• _About this task_
Down to the last line, set down the listing below exactly, apart from its pictures.

• _Data shown_
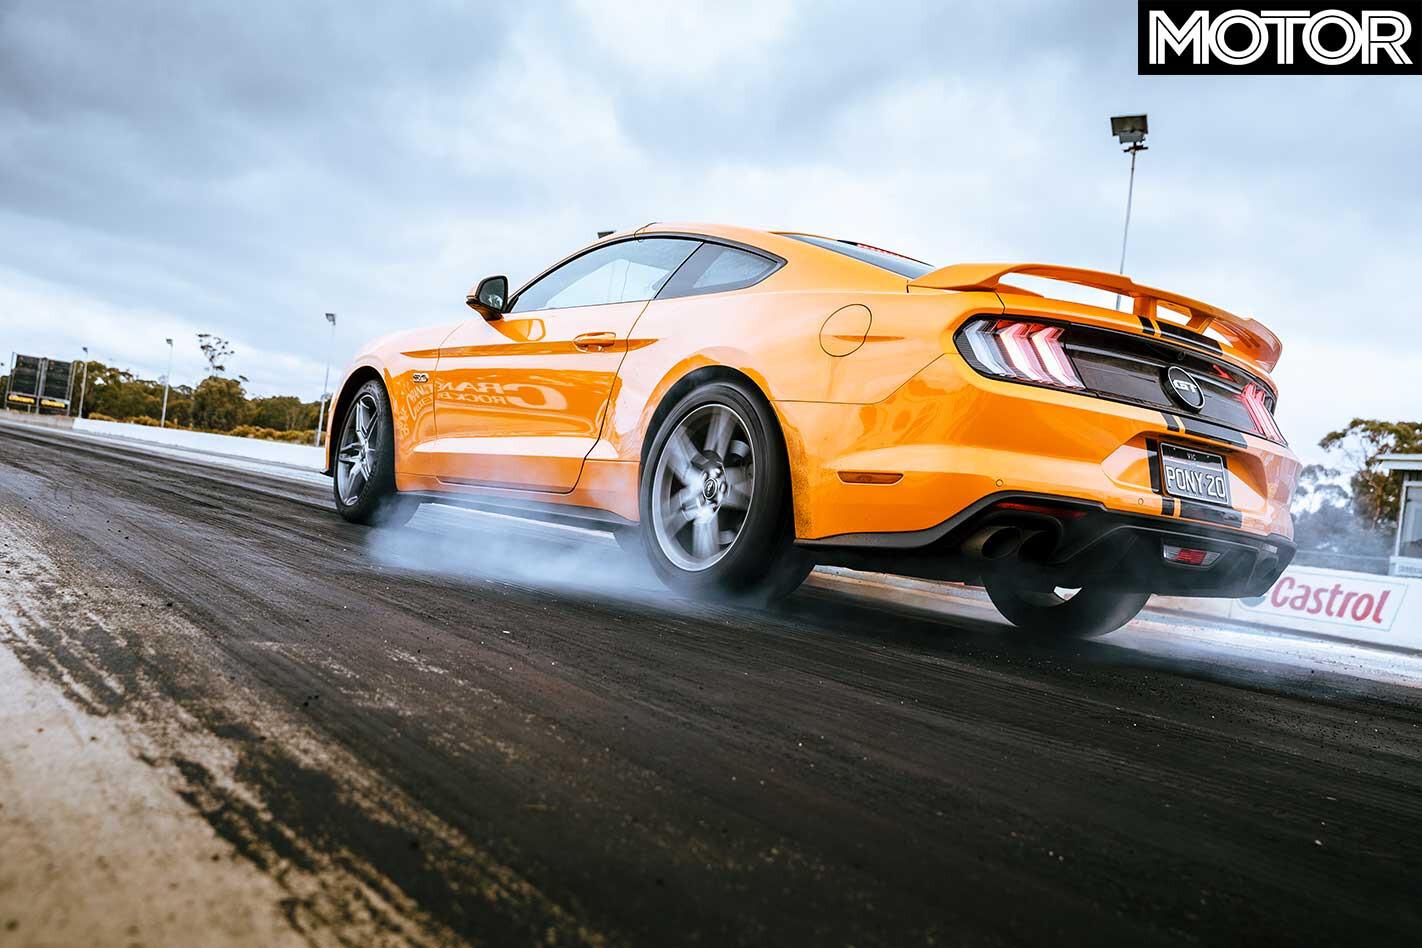 2018 Ford Mustang GT Drag Strip Burnout Jpg
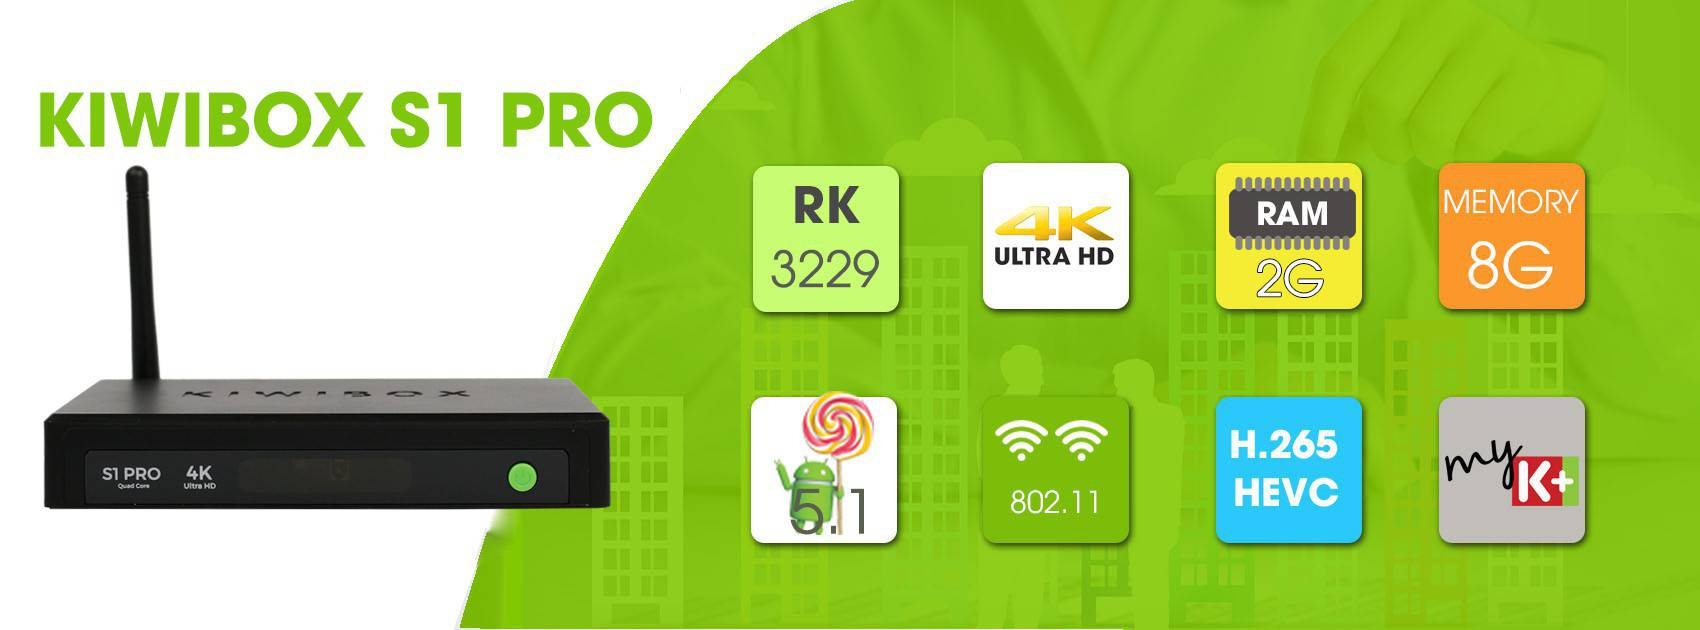 Kiwibox S1 Pro – Android 5.1, RAM 2G
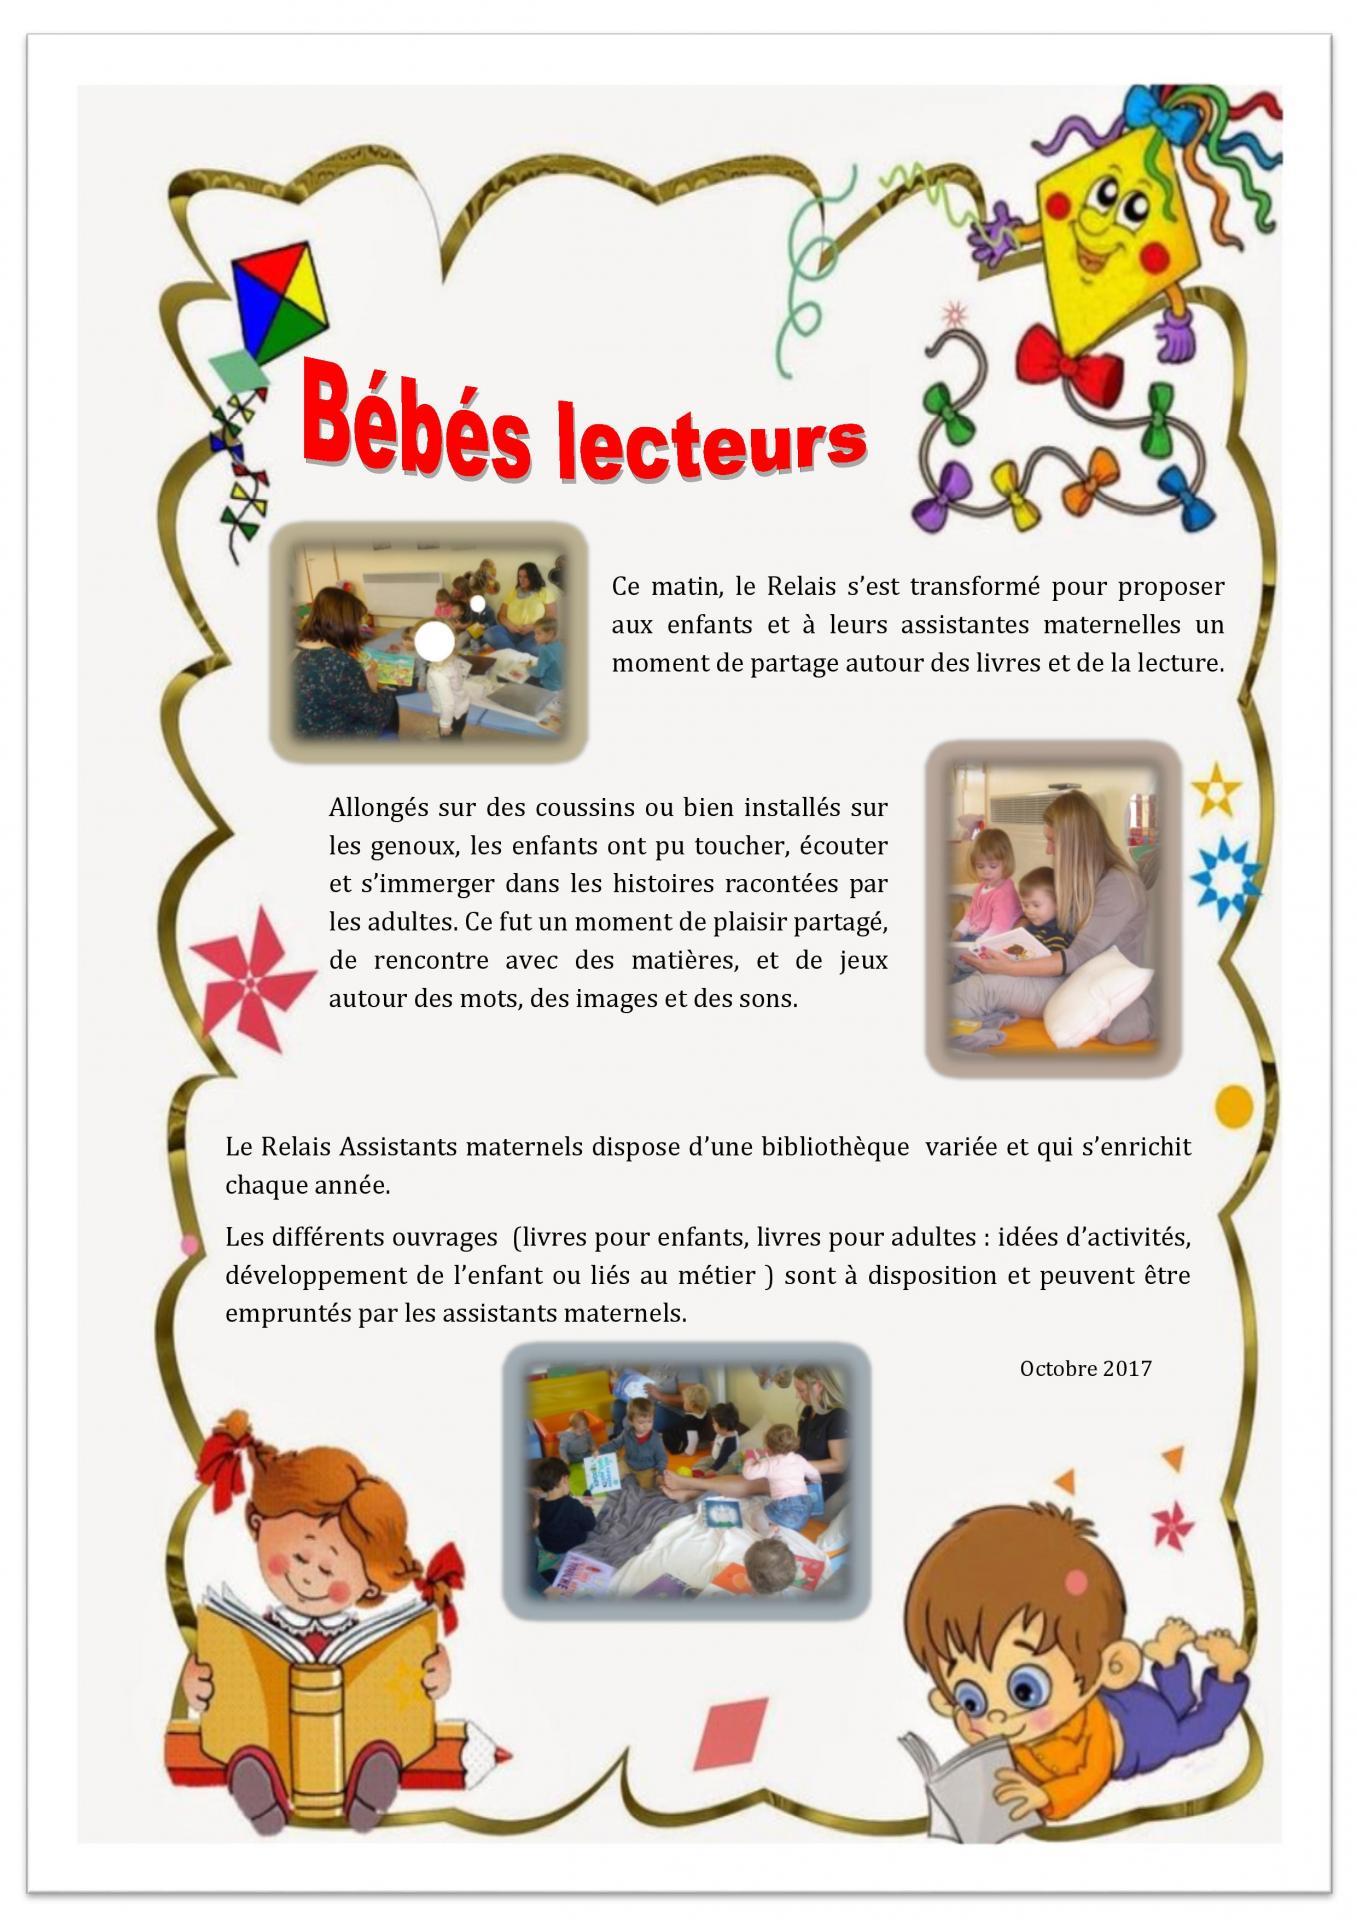 Article ram bebes lecteurs

• _Task response_
 2018 Ford Mustang GT Drag Strip Burnout Jpg
 Kiwibox S1 Pro – Android 5.1, RAM 2G
 Article ram bebes lecteurs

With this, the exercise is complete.